### EXERCISE AIM
Write the listing below out again in full, dropping its pictures.

### SOURCE MATERIAL
________________
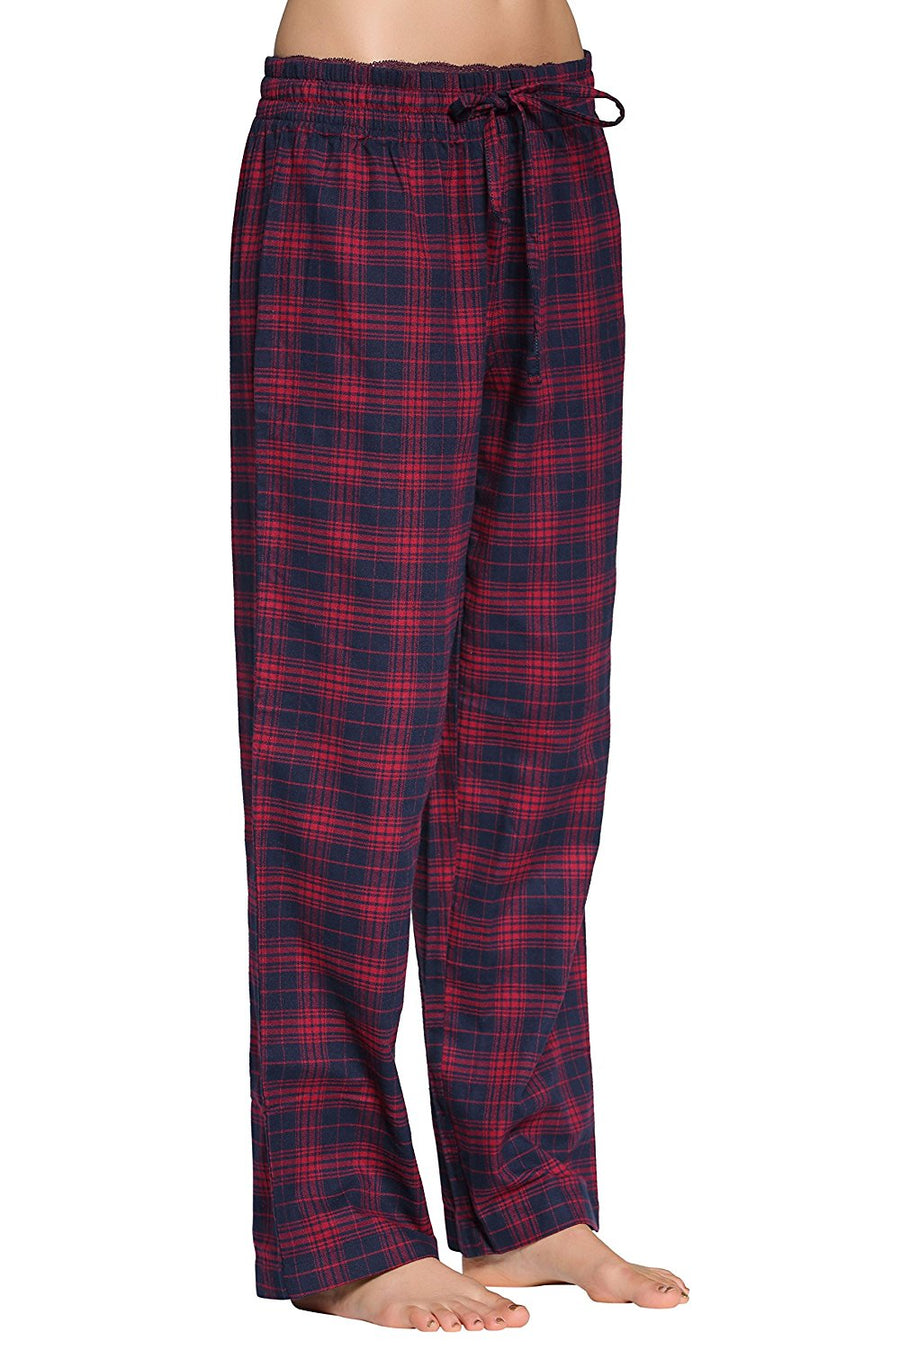 Pajama Pants for Women - 3 Pack Pajama Bottoms - Cotton Blend Flannel Plaid  Lounge Pants, Comfortable PJ Pants (Set B, X-Large) at  Women's  Clothing store
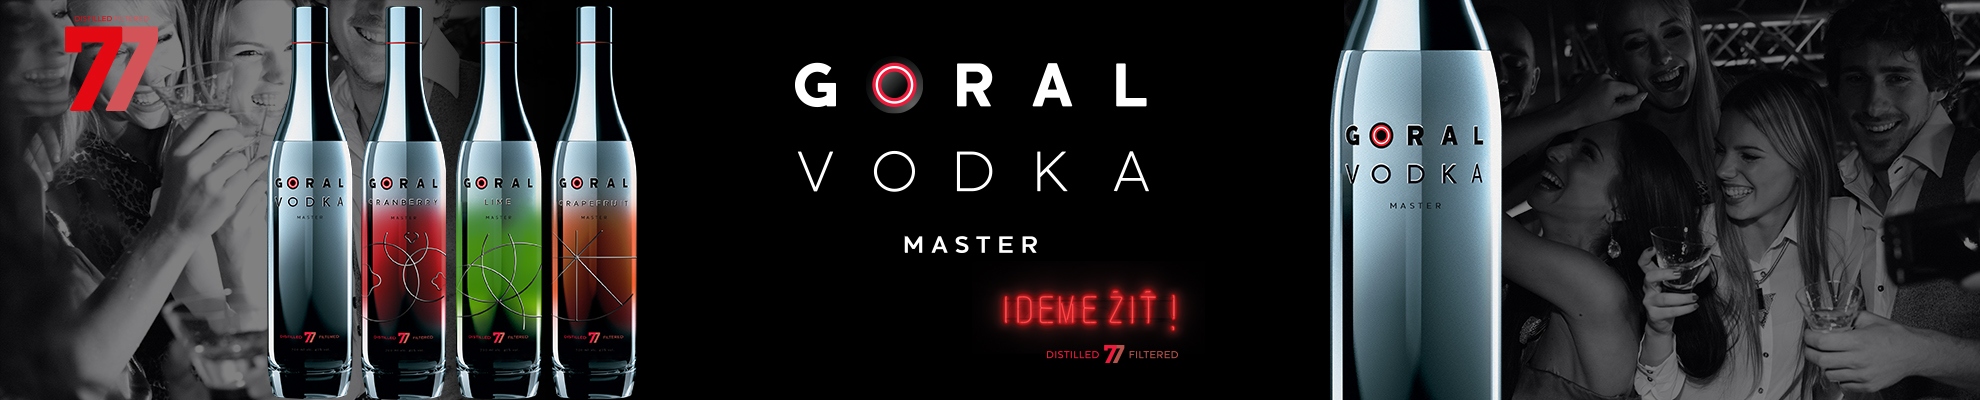 goral vodka master
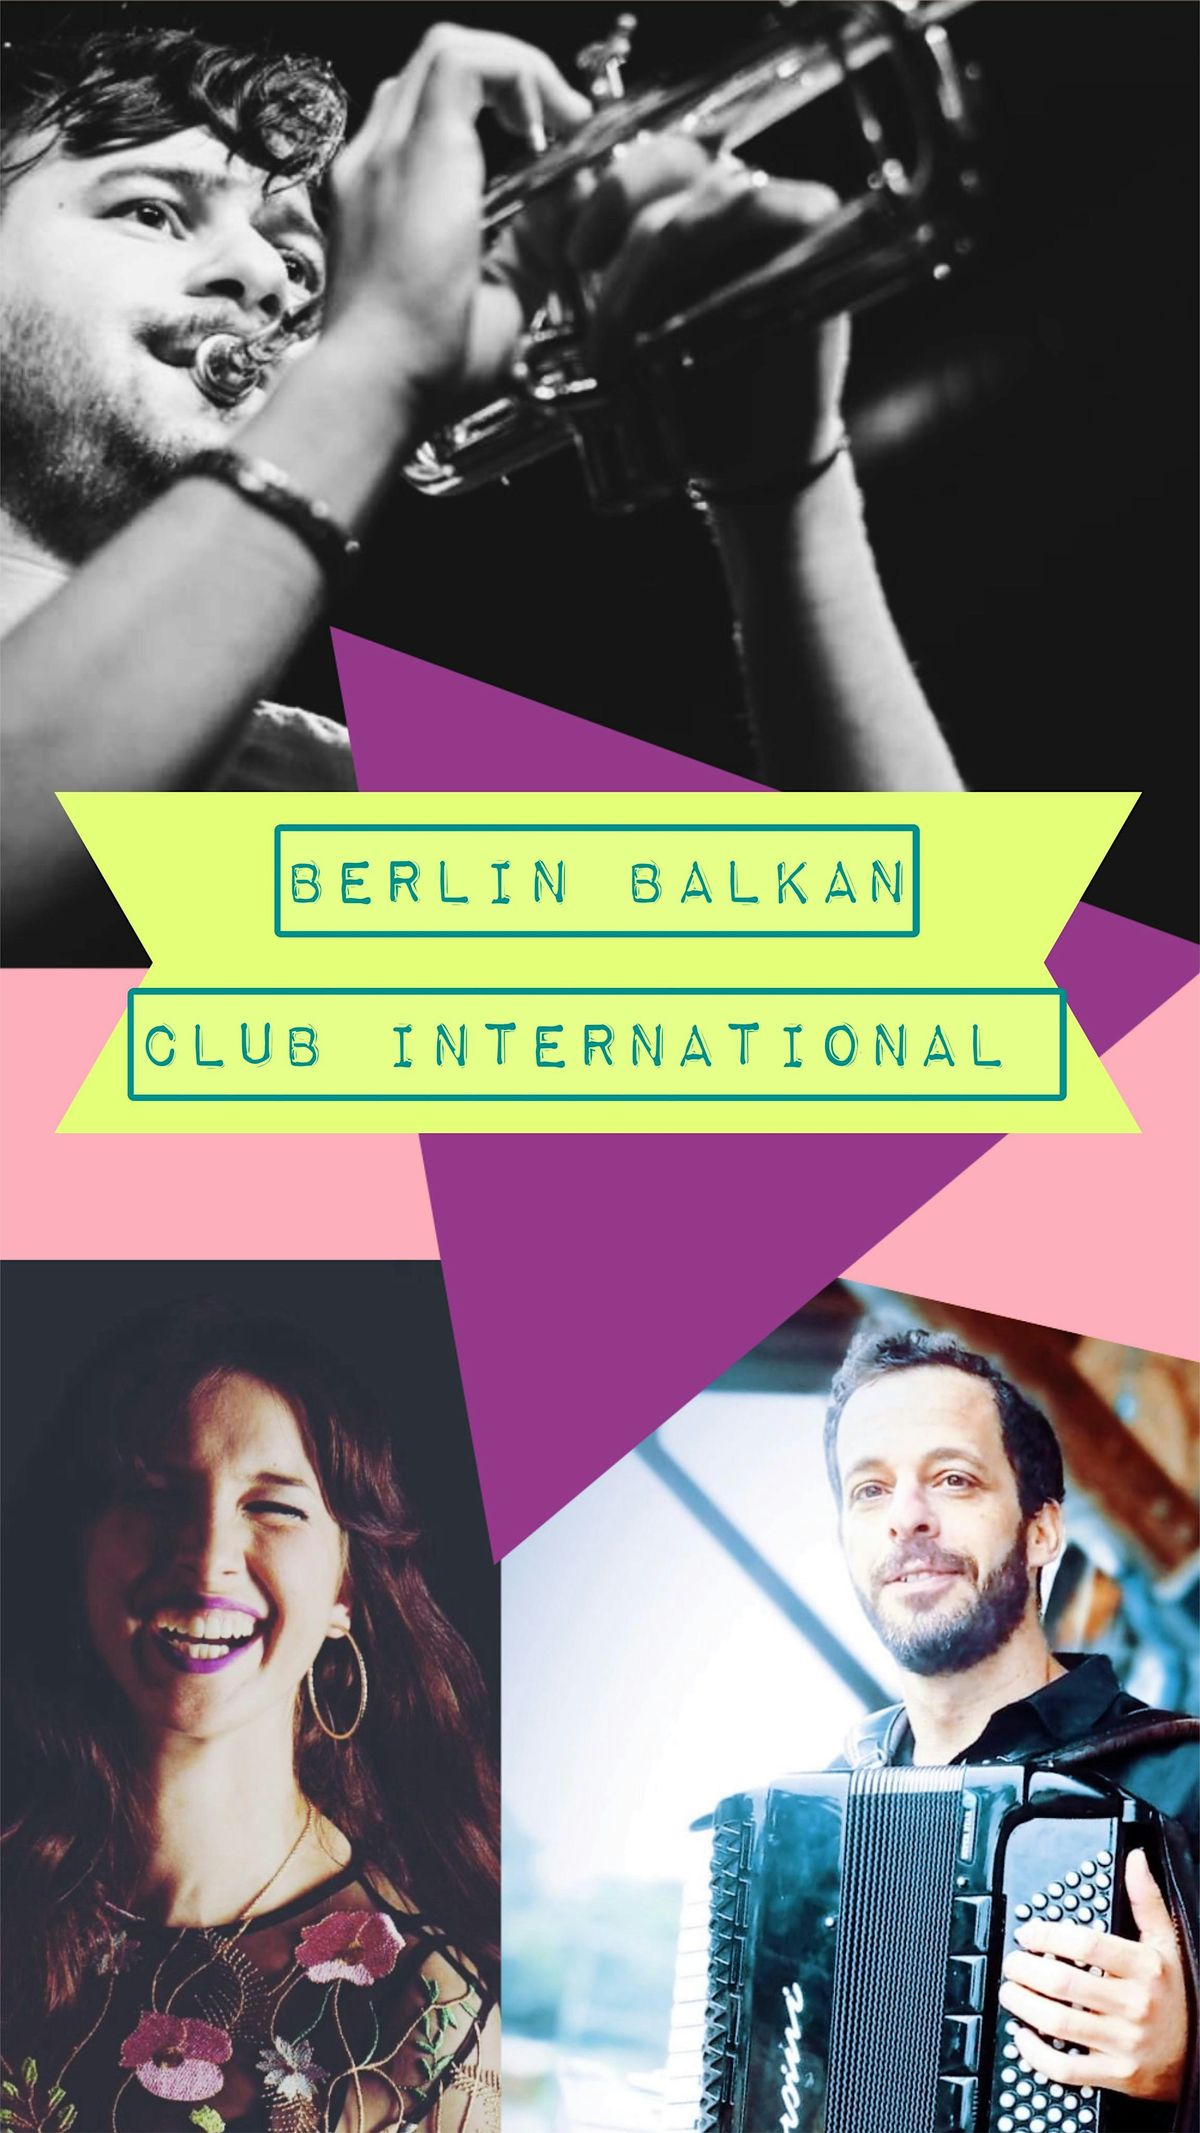 Berlin Balkan Club International
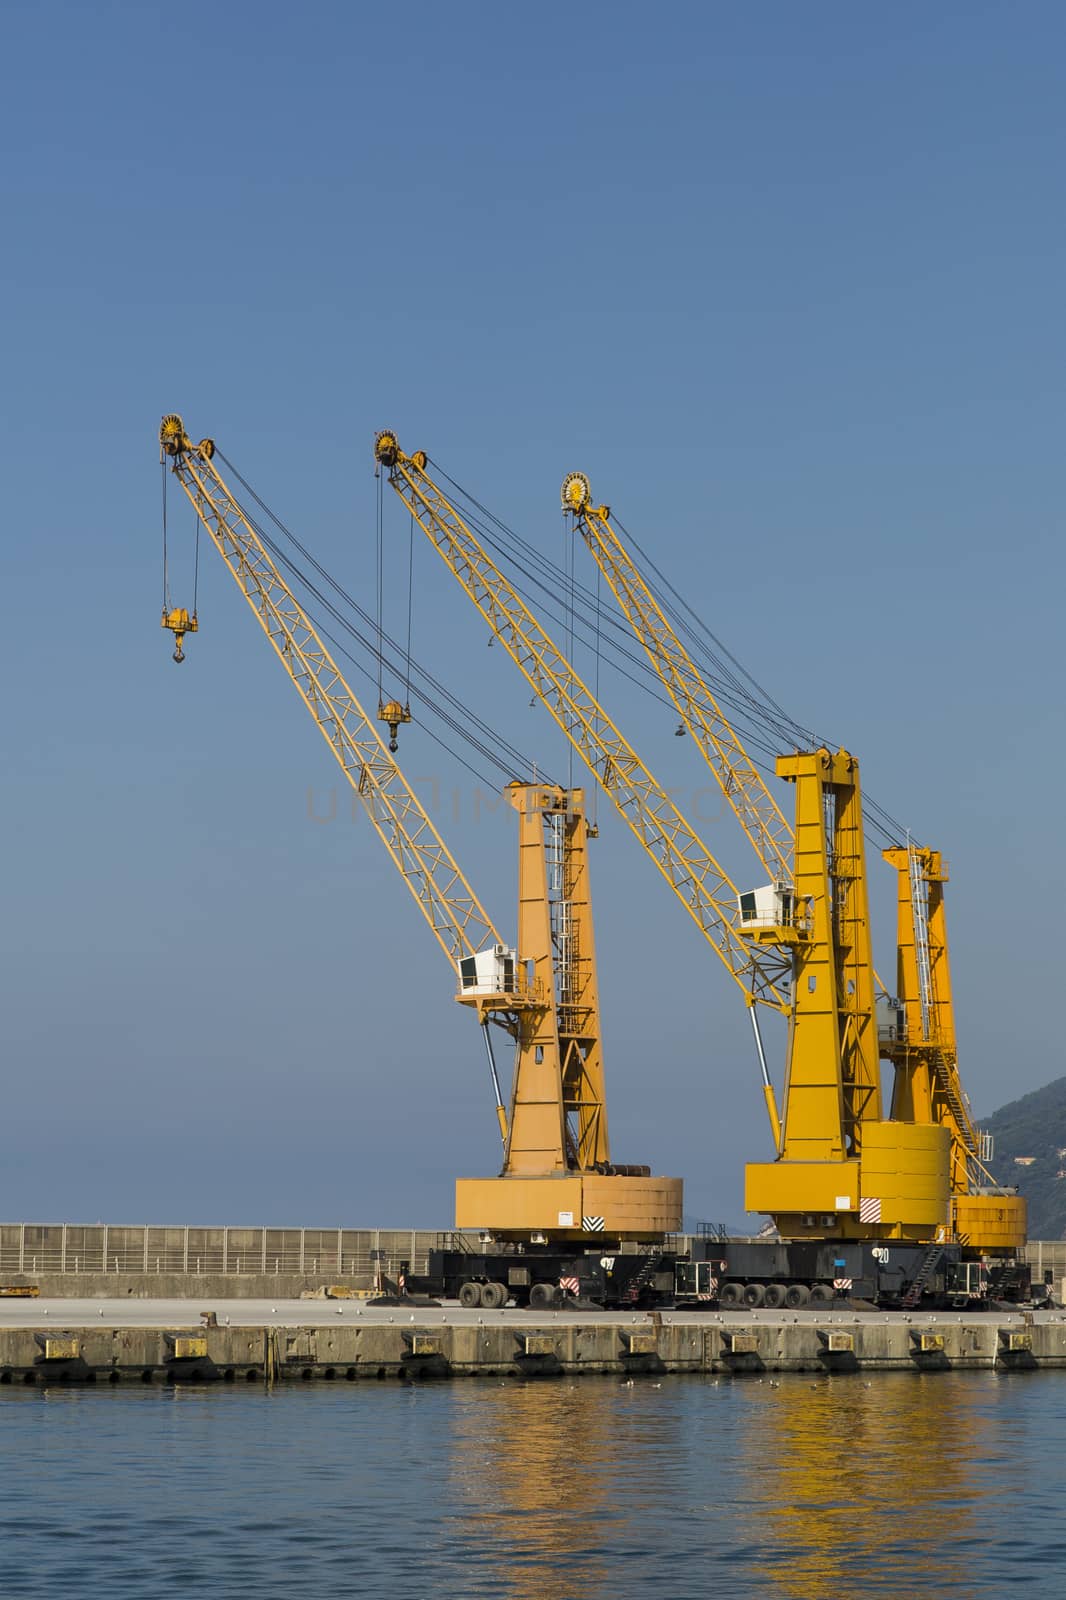 Crane at the port by nicobernieri
________________
### EXERCISE SOLUTION
 Pajama Pants for Women - 3 Pack Pajama Bottoms - Cotton Blend Flannel Plaid  Lounge Pants, Comfortable PJ Pants (Set B, X-Large) at  Women's  Clothing store
 goral vodka master
 Berlin Balkan Club International
 Crane at the port by nicobernieri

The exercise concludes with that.